In order for data to be of use, it must be current and meaningful; it must be accessible to those users with the need and the right to use it; and it must be protected from unauthorized access. To provide a means to meet this need, database sublanguages have been set up to perform certain operations. A properly authorized user may have to; read stored data, insert new data, delete old data, update data when a portion of it changes, and drop a entire data model when it is no longer needed. While each data model has its own way of dealing with these operations, each makes an attempt to both make data accessible to the properly authorized user, and protect data from users with no right to operate on it.

Query languages have been developed for use with relational databases and are important tools in adding controls to data submodels. The 'query by example' (QBE) language provides a means to authorize specific operations on specific fields, and it can even limit access to a particular value of a field (e.g. "I.AUTR()..I" allows whatever user appears in to do whatever operations appear in . The operations available are (I)nsert, (D)elete, (U)pdate, and (P)rint. Placing a variable in a column allows to perform the stated operation(s) on that column. A constant placed in a particular column grants that right to only the rows containing that constant. A blank in any column denies access to the information in it.
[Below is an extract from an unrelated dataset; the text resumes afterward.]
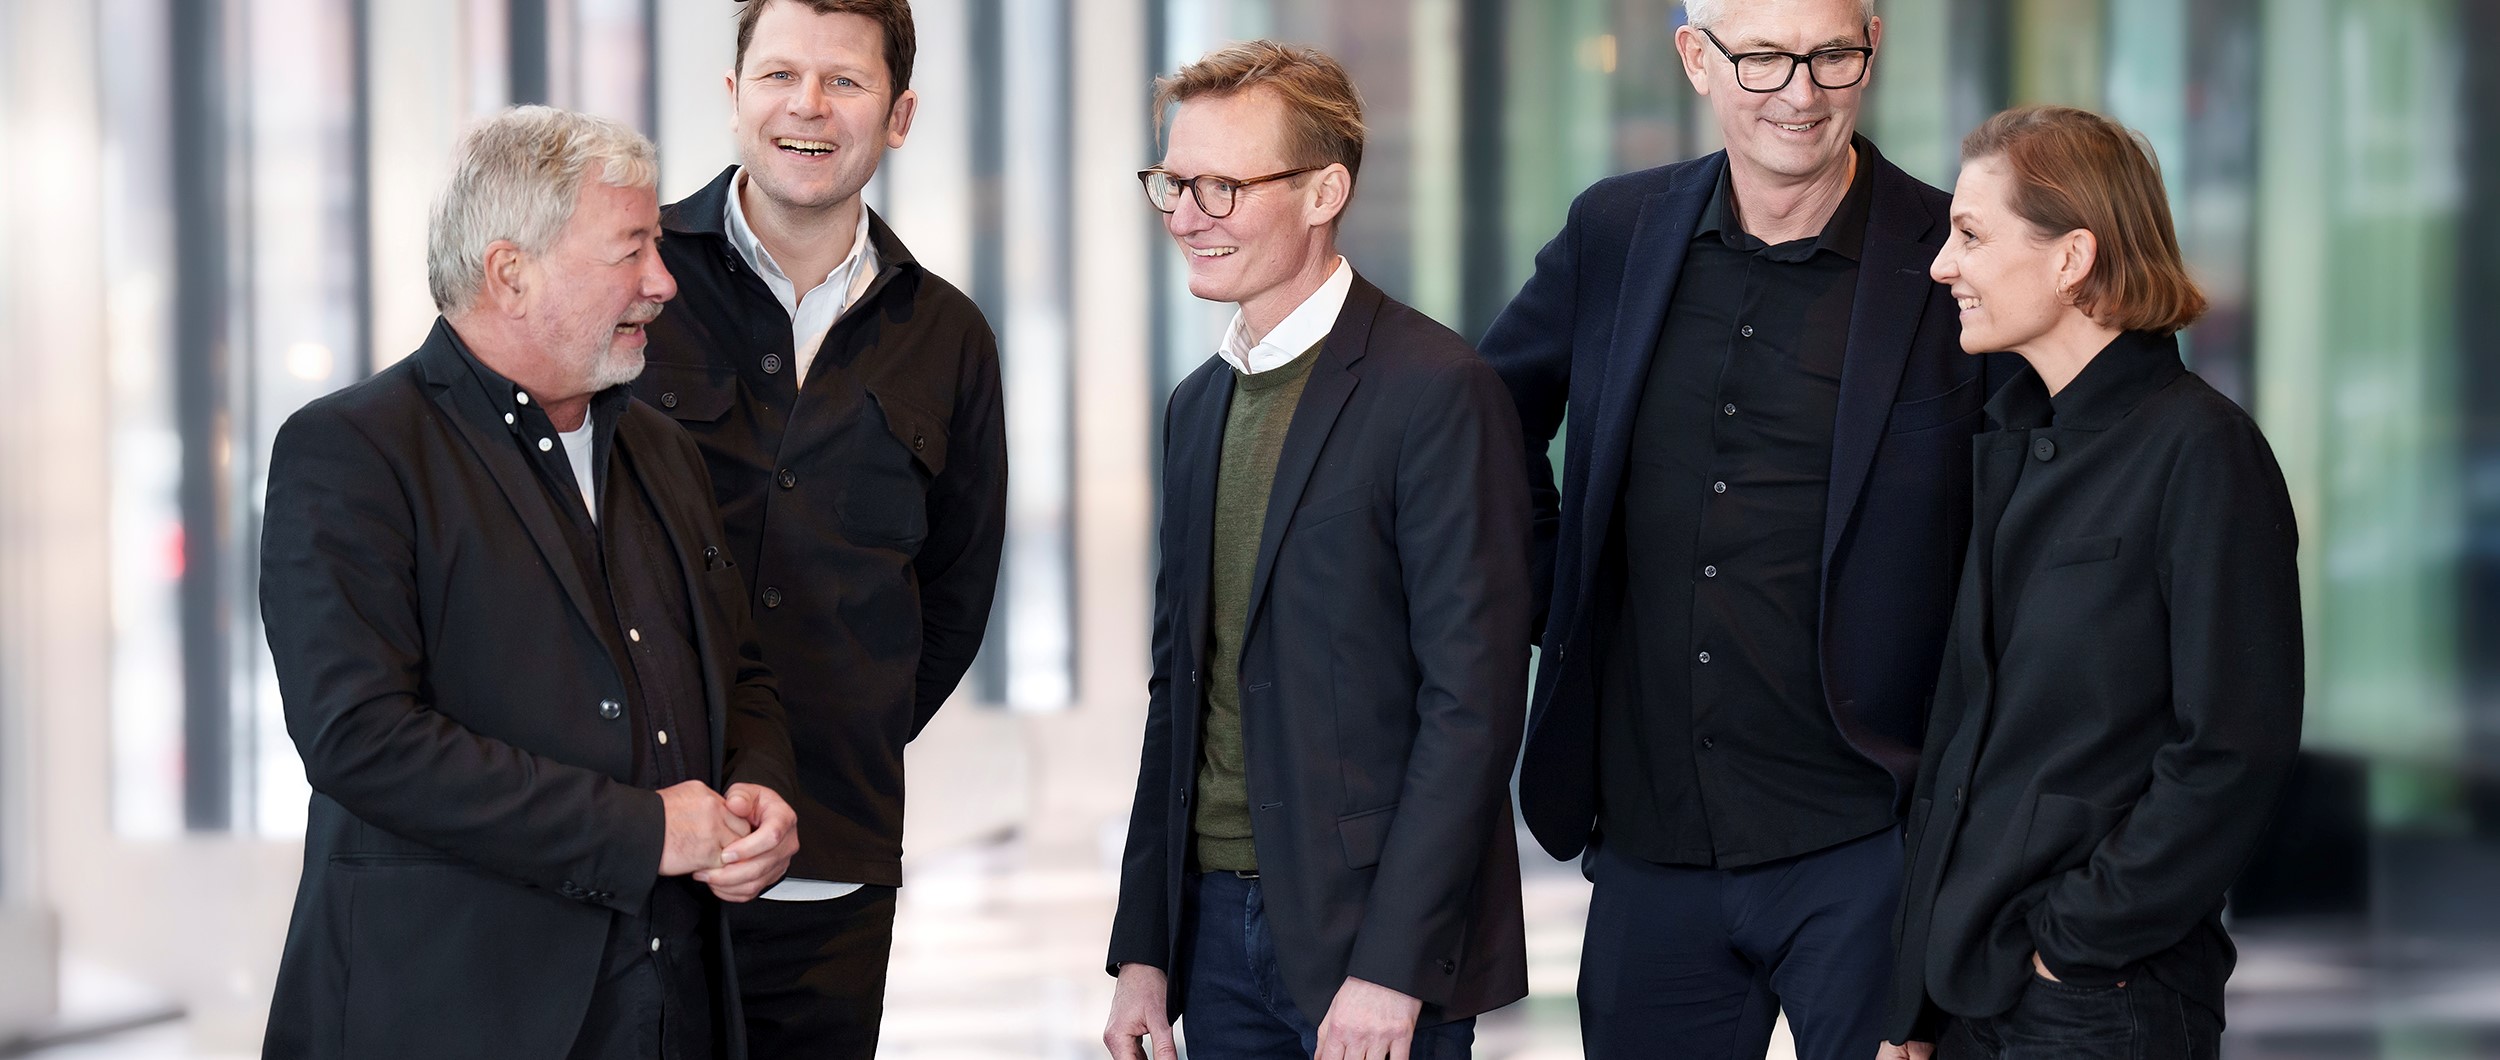 We are joining forces with RUBOW arkitekter and Nordic creating an even stronger architecture brand across Norway, Denmark and Iceland.
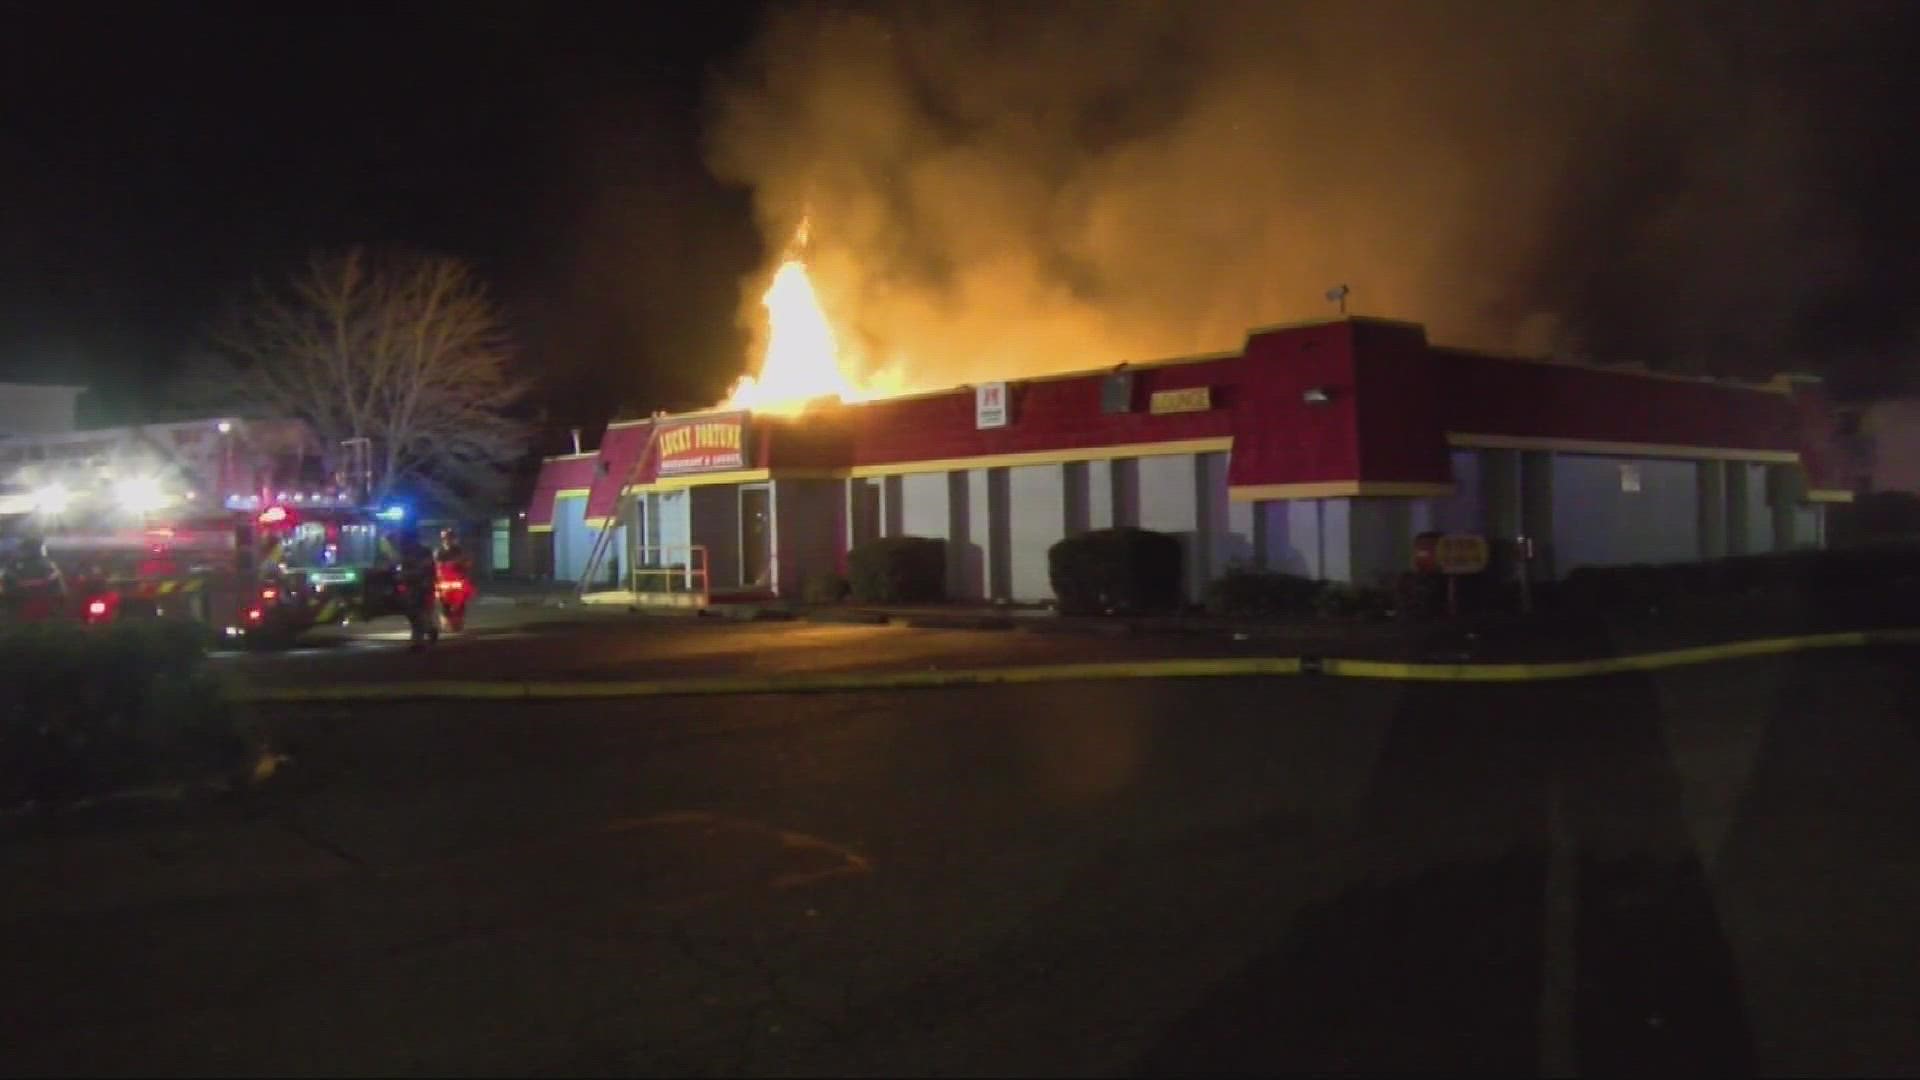 Police said the fire at the Lucky Fortune Restaurant early Sunday morning was one of three fires set in the same Salem area by the same person.

"A hierarchical model uses the nest concept as its basic unit. Trees are created by nesting nests further, and forests are created by collecting trees. The data model and the database model are identical" [Wiederhold77] (p366). The hierarchical data model is often referred to as a physical database. In IMS, the IBM hierarchical database language, each physical database has a 'Data Base Descriptor' (DBD) which describes the tree structure of the database and other pertinent information like the size of fields and access methods (e.g. ISAM, HISAM, etc). Accompanying a physical database are one or more logical databases. A logical database is equivalent to a submodel; in place of a DBD it has a 'Program Communication Block' (PCB). The PCB contains only those segments that are available to a particular user (SENSEGS), and it specifies what operations that user is allowed to perform (PROCOPTS). In short, it has the same protection features that are found in a relational data submodel. The addition of on line capabilities to hierarchical sublanguages (IMS in particular) allows us to restrict database access to particular input and output devices (lterms). It also makes it possible to perform identification, authentication, and authorization tests at the time of a request.

Other parallels can be drawn between security measures for hierarchical databases and those for relational databases. We have already seen that although QBE and IMS use different approaches, they accomplish essentially the same result by hiding nonessential data and specifying allowable operations. Hierarchical databases can also use the same access constraints as relational databases, and arbiter programs are an essential part of on line access controls.

The 'Data Base Task Group' (DBTG) of the 'Committee on Data Systems Languages' (CODASYL) is largely responsible for network structured databases. The schema or data model of a network database is similar to the data model of a hierarchical database, but where the tree structure of the hierarchical database limits a record to having one parent, a record in a network database may have multiple parents with the record forming a link between its parents. The 'schema' of a network database structure corresponds to the DBD of the hierarchical database. The subschema of a network database performs the same functions as the PCB of the hierarchical database, but it has some additional features. Fields in a subschema can be renamed so that it becomes more difficult to link it to the schema from which it originated. 'privacy locks' and 'privacy keys' are another additional feature. If a privacy lock is specified in a schema or subschema, its accompanying key must be included in any programs that attempt to access data from that subschema or the access will not be allowed. In effect, the network database uses its schema, subschema and 'Data Manipulation Language' (DML) to perform access constraint functions and to serve as its own arbiter program.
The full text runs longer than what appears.